The dynamics of imports and exports between countries have been influenced by three key factors. The rising domestic demand, in the case of private consumption driven primarily from household disposable income, is the first. The United States' large fiscal stimulus, both relative to other countries and in absolute terms, has played a crucial role in maintaining U.S. consumption as well as imports. The strength of U.S. consumption has aided export growth to U.S. trading partner countries, while domestic demand is slower in U.S. trade partners.
The second is the composition pre-COVID of economic activity. Countries with higher manufacturing output have generally seen an increase in foreign consumption. However, the shock has caused countries to shift spending away from goods to services. While countries that rely heavily on services exports (think about tourism exports to countries like Spain, Portugal, and Greece) have been affected.
Supply constraints are the third factor, which has had an impact on goods' production around the globe. These were triggered by many factors including lower production and orders in the initial downturn, COVID-related shutting downs, and an unexpectedly high rebound in demand. The availability of semiconductors has caused a reduction in global production and exports of many goods, including autos. Globally, supply bottlenecks were addressed by firms that reduced inventories to meet strong demand. Inflationary pressures increased worldwide, with commodity prices and good prices increasing after a long period.
Exports have generally been weaker than imports across all advanced economies. However, China's exports have grown more quickly than those from emerging Asia and China. China's exports of manufactured goods have greatly benefited from changes in global demand. However, Chinese imports of services (especially for travel, both tourism and education spendings), plummeted after the closing of borders.Imports of consumer goods are boosted by the U.S. Consumption Recovery
The US import export data provides additional explanations for the differences in exports and imports. This is in addition to the difference in domestic demand growth rates between the U.S. and its trading partners. The U.S. is both a net importer and exporter of services. In particular, imports of consumer goods are more common than exports.

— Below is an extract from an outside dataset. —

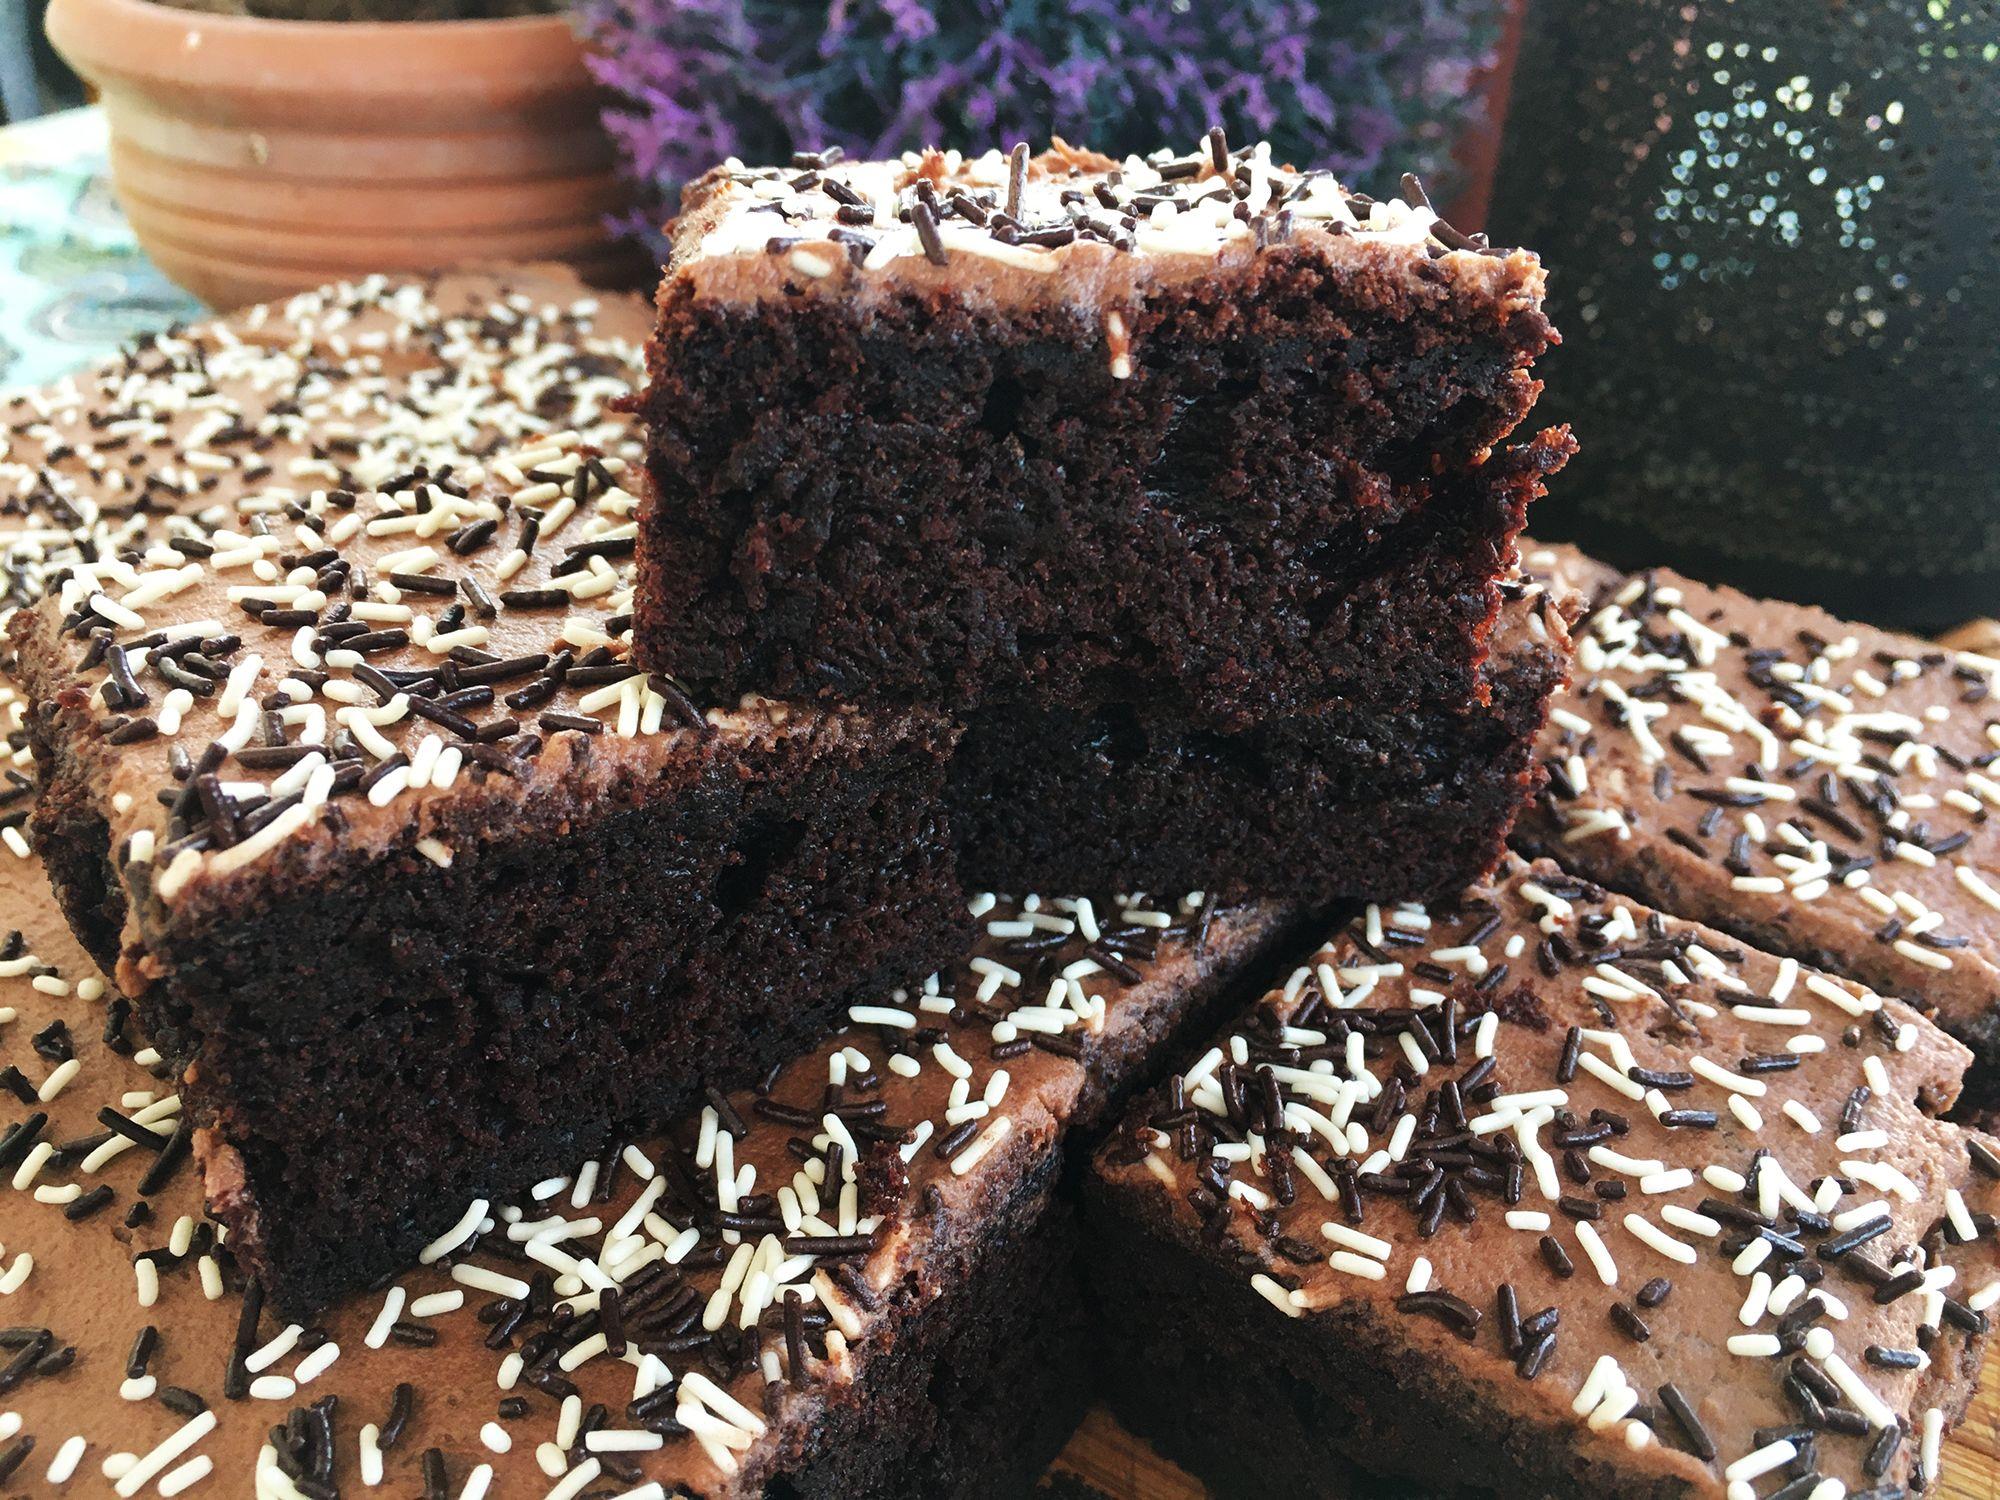 Classic Chocolate Sprinkle Tray Bake Recipe Recipe In 2020 Tray Bakes Chocolate Sprinkles Tray Bake Recipes

A strong recovery in consumer spending has boosted U.S. exports and increased the U.S. trade gap. The U.S.'s faster recovery in capital spending relative to its trading partners has resulted in greater growth in imports and exports of industrial supplies, as well as capital goods. US trade data highlights the importance of supply bottlenecks, constraints and is especially evident in data for trade-in cars and parts in the third quarter of 2021.
Recovery prospects
The fourth quarter and 2022 growth prospects looked good for advanced economies up until a few weeks back. However, a new wave in infections has hit Europe, particularly Germany, which has increased uncertainty about the short-term prospects. However, the growth prospects for advanced economies remain much better than those for many developing and emerging economies where vaccination rates have fallen and economic activity is still substantially lower than before the crisis.
The speed at which supply capacity in advanced economies will increase, in both the goods and services sectors, is an important question. This will allow recovery to continue without the need to tighten inflationary policies.